┌─ RECORDED DATA

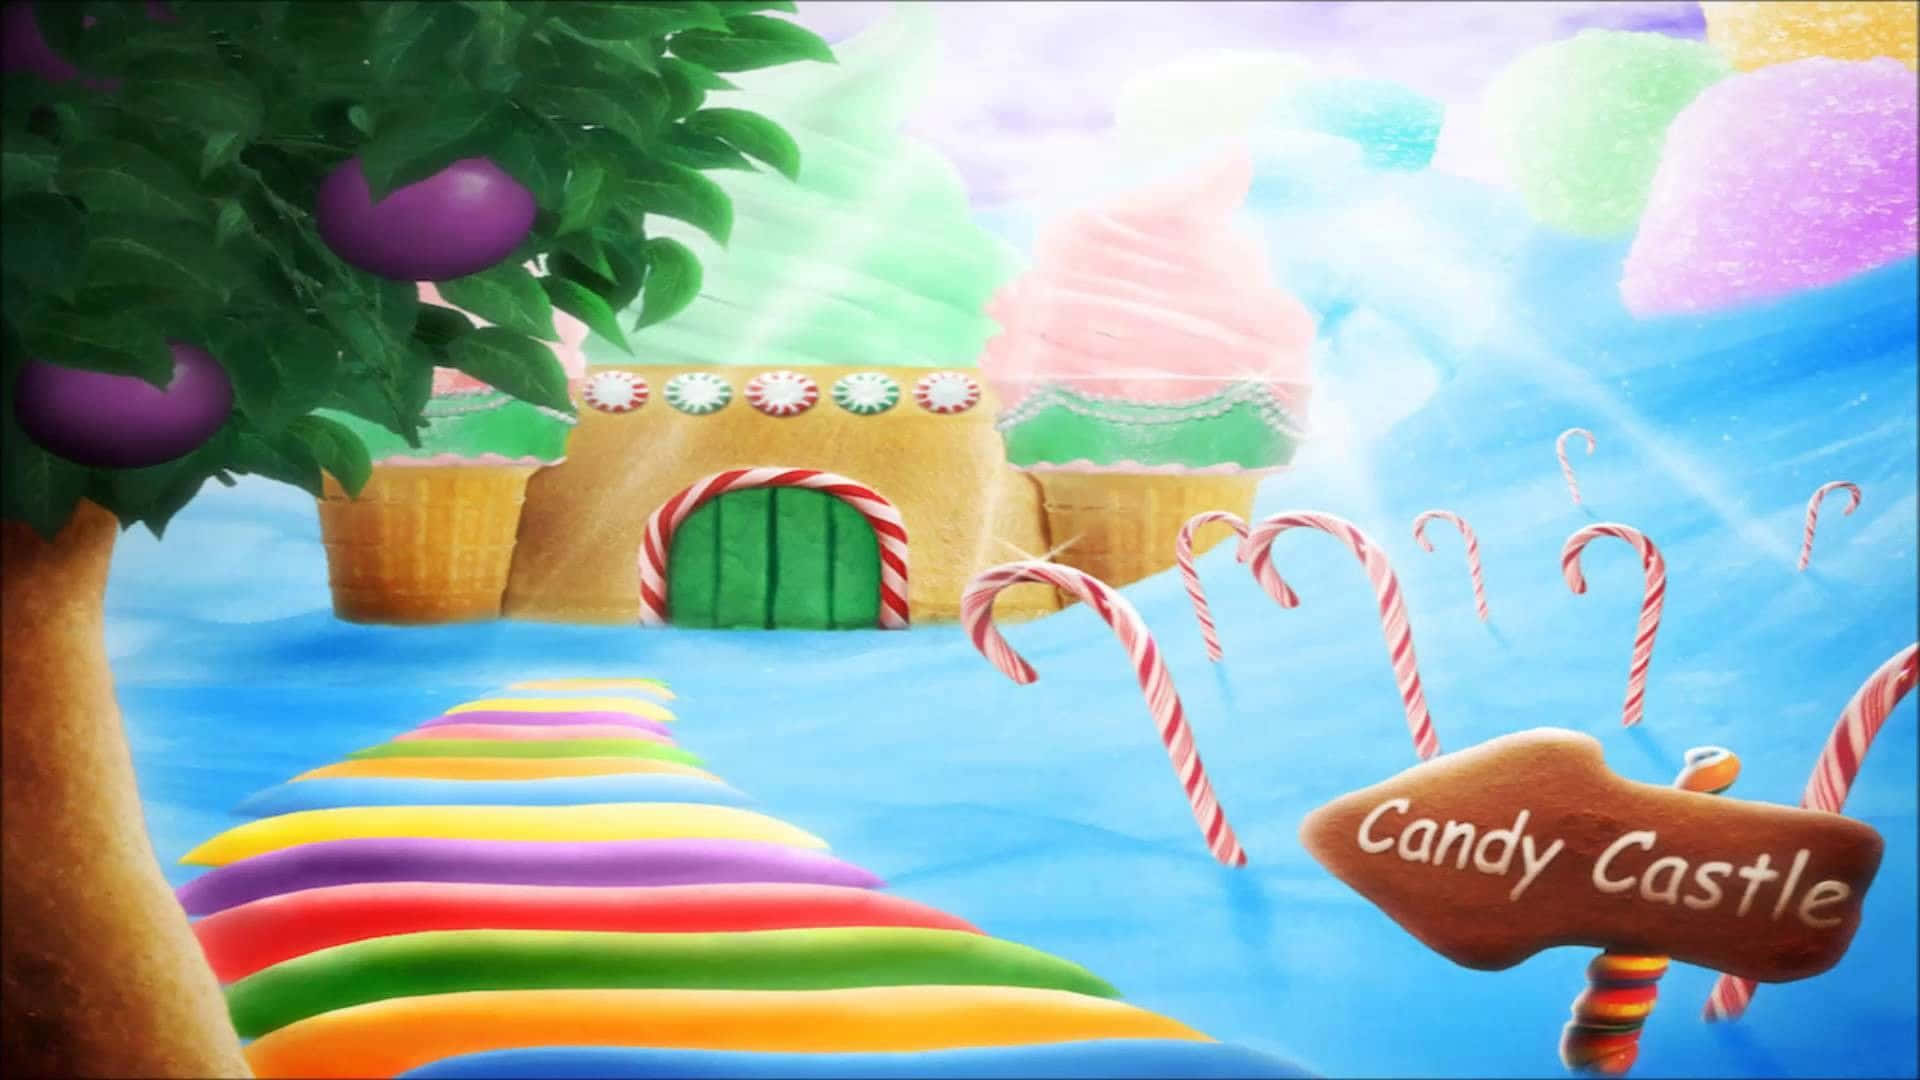 Journey through the magical world of Candy Land! Wallpaper
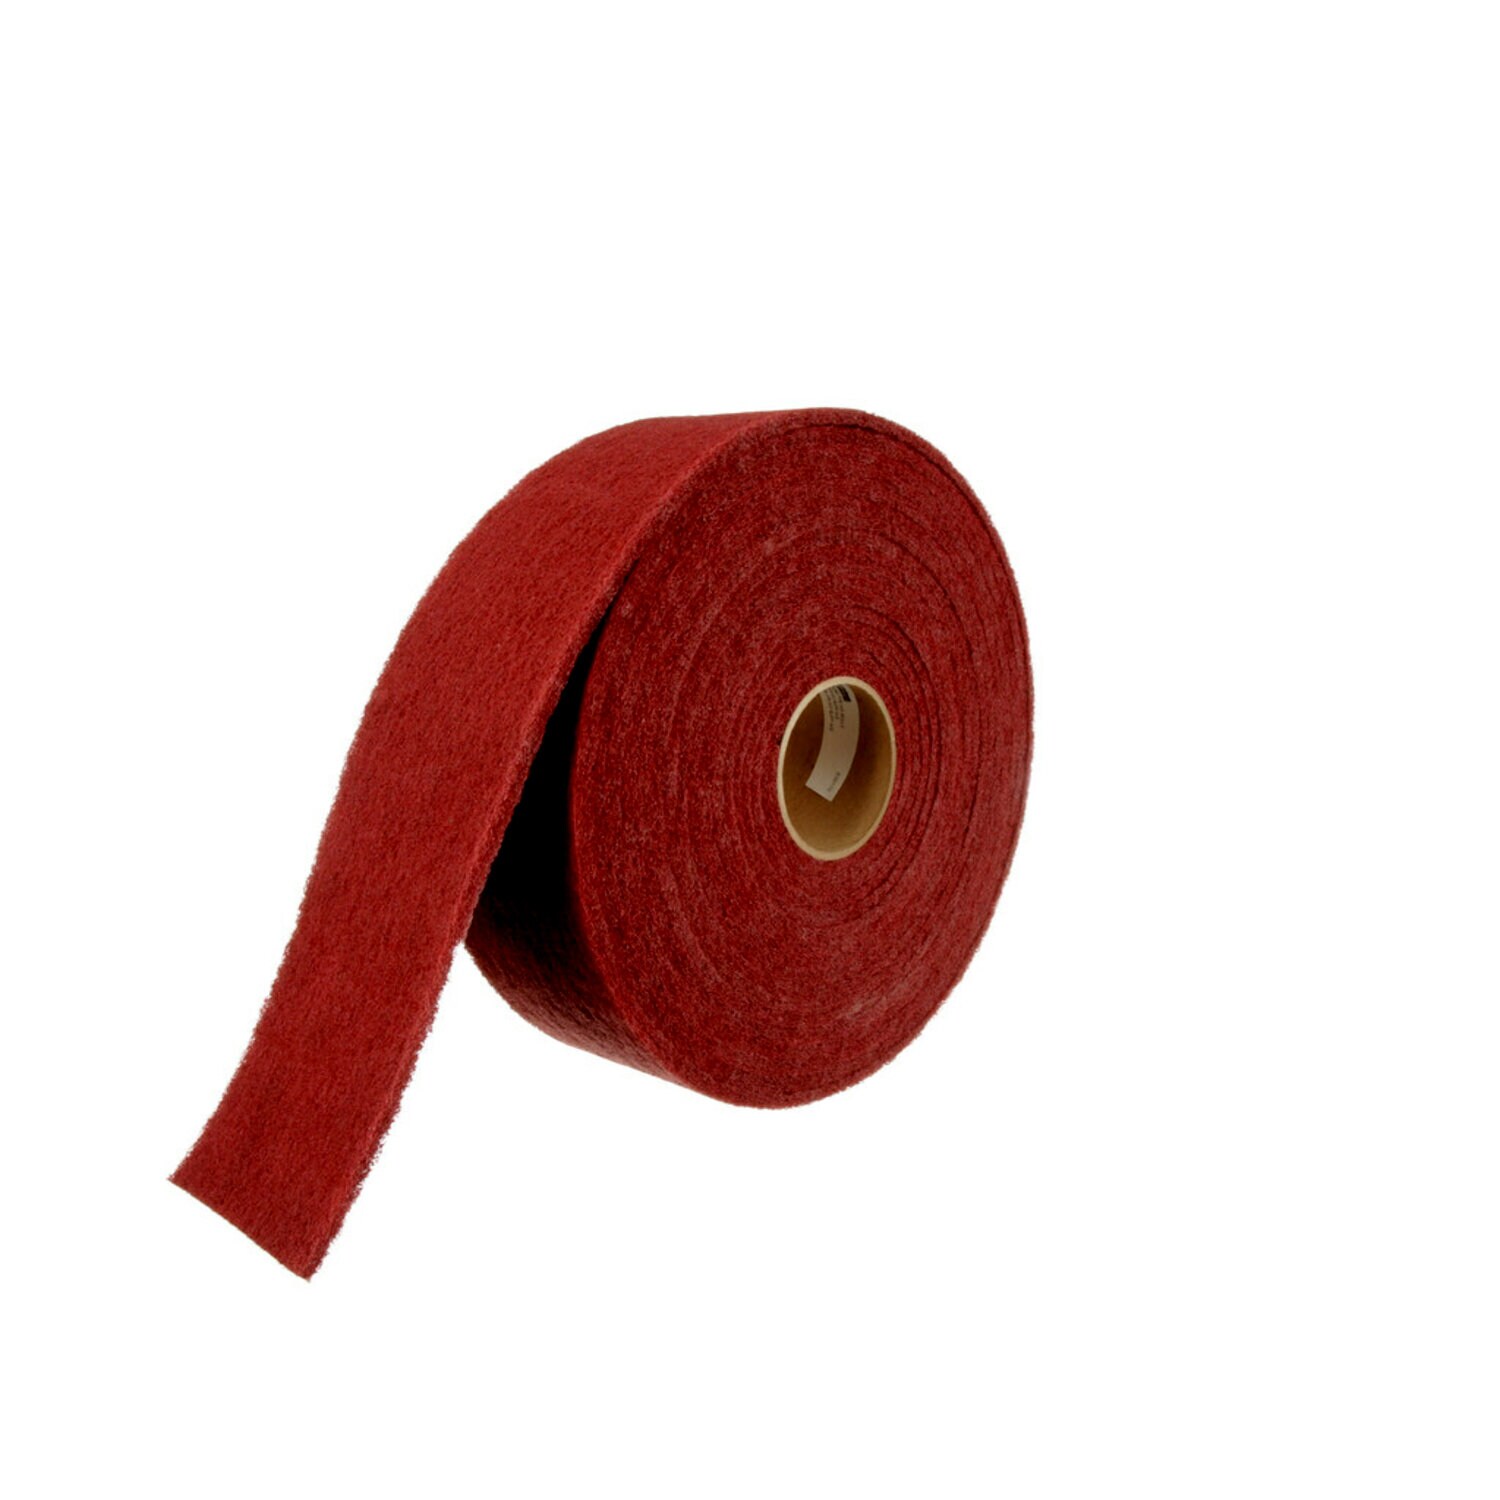 7000046840 - Standard Abrasives Aluminum Oxide Buff and Blend HS Roll, 830170, Very
Fine, 4 in x 30 ft, 3 ea/Case
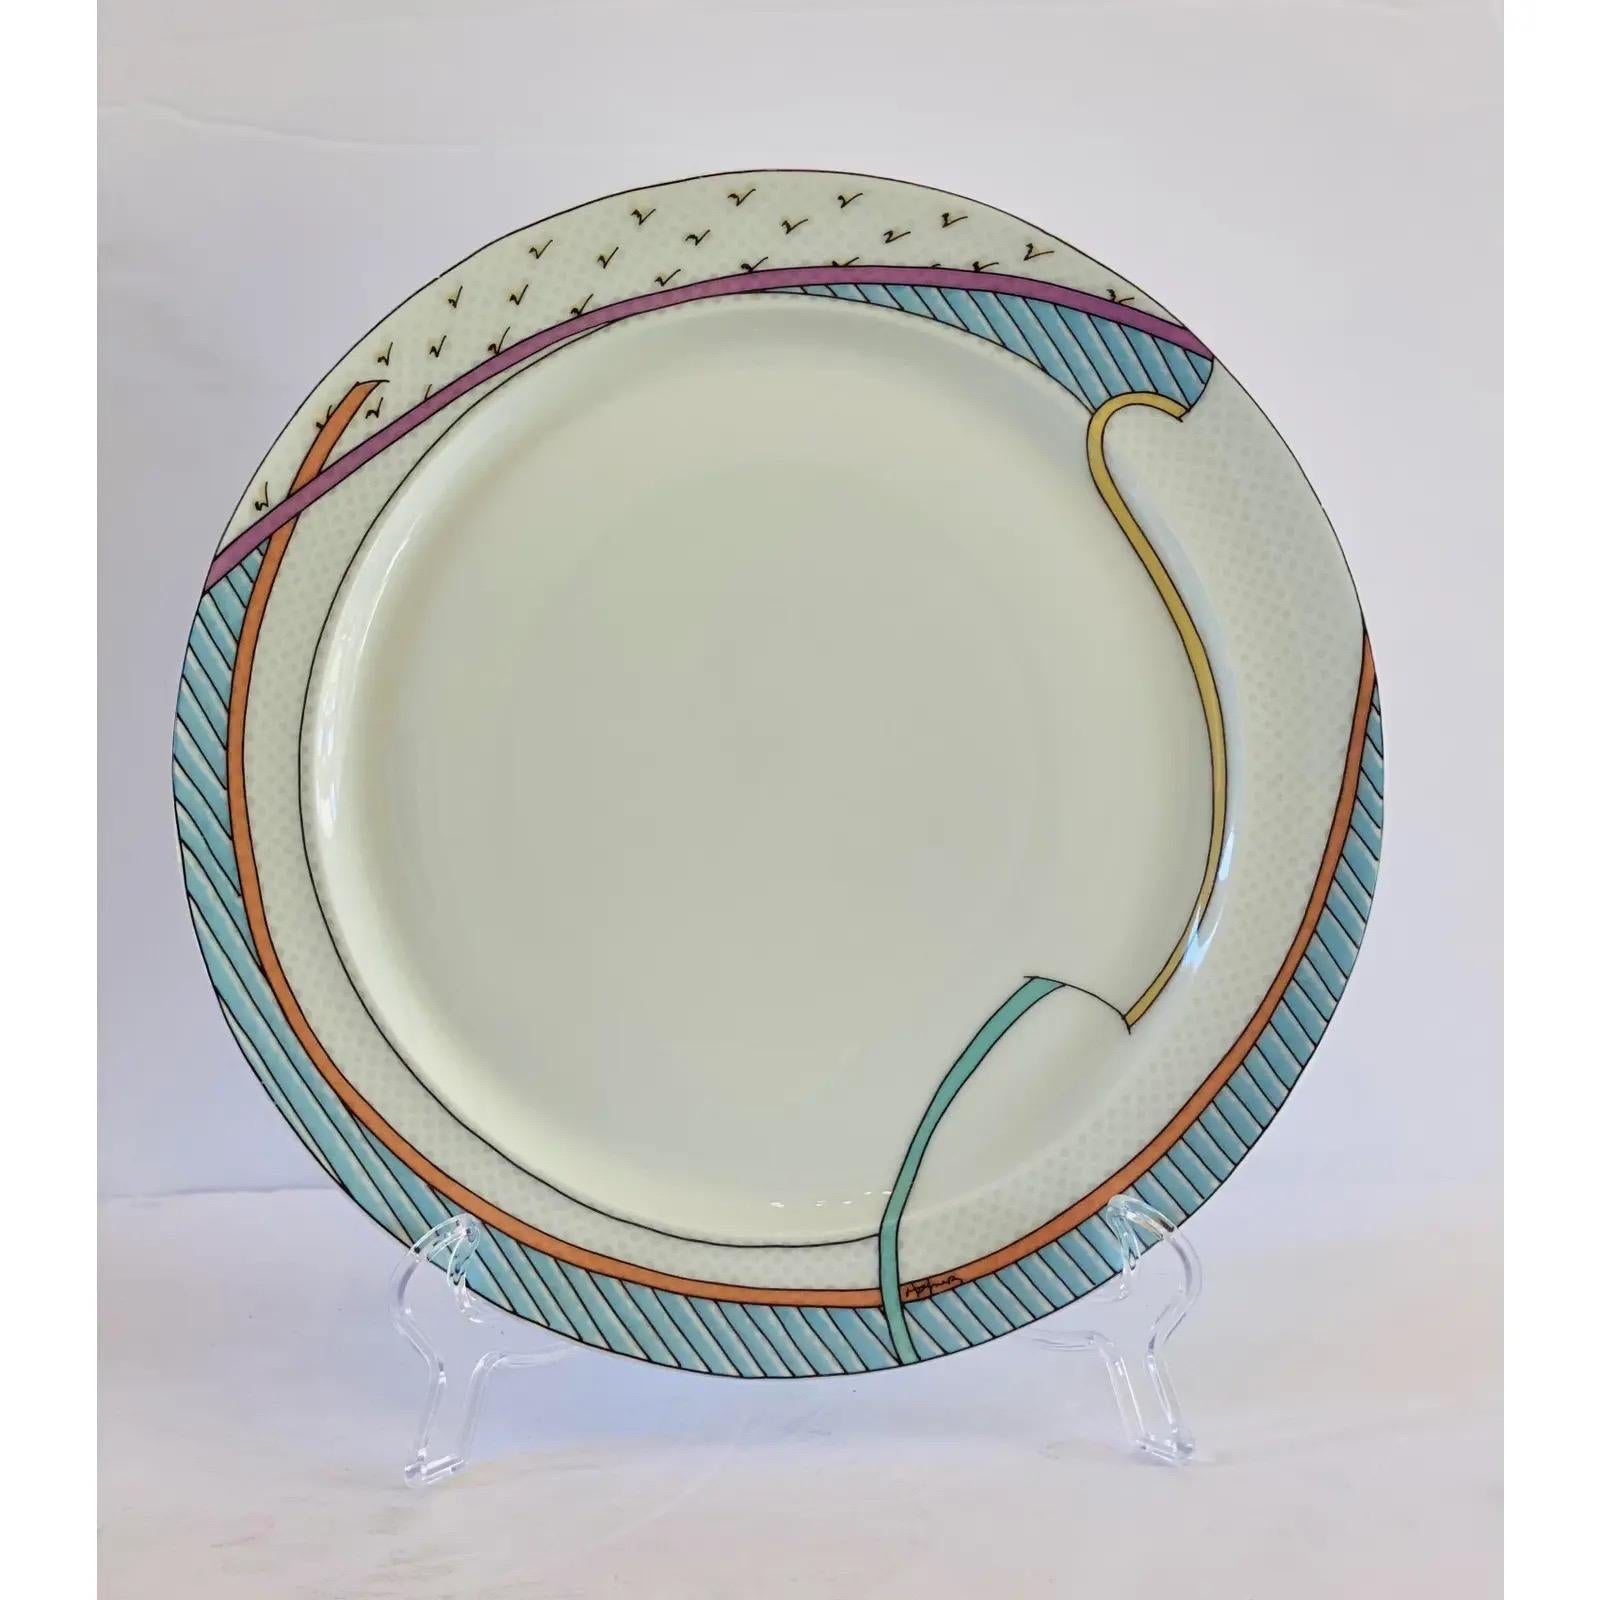 We are very pleased to offer a rare, one-of-a-kind set by American ceramist and glass artist, Dorothy Hafner, for Rosenthal, circa the 1980s. This set includes one large serving plate and one footed serving bowl. In excellent condition and signed.

└─

→ TASK TO CARRY OUT: In the copy, include no pictures, but repeat the listing exactly.

→ EXERCISE RESPONSE:
 Journey through the magical world of Candy Land! Wallpaper
 7000046840 - Standard Abrasives Aluminum Oxide Buff and Blend HS Roll, 830170, Very
Fine, 4 in x 30 ft, 3 ea/Case
 We are very pleased to offer a rare, one-of-a-kind set by American ceramist and glass artist, Dorothy Hafner, for Rosenthal, circa the 1980s. This set includes one large serving plate and one footed serving bowl. In excellent condition and signed.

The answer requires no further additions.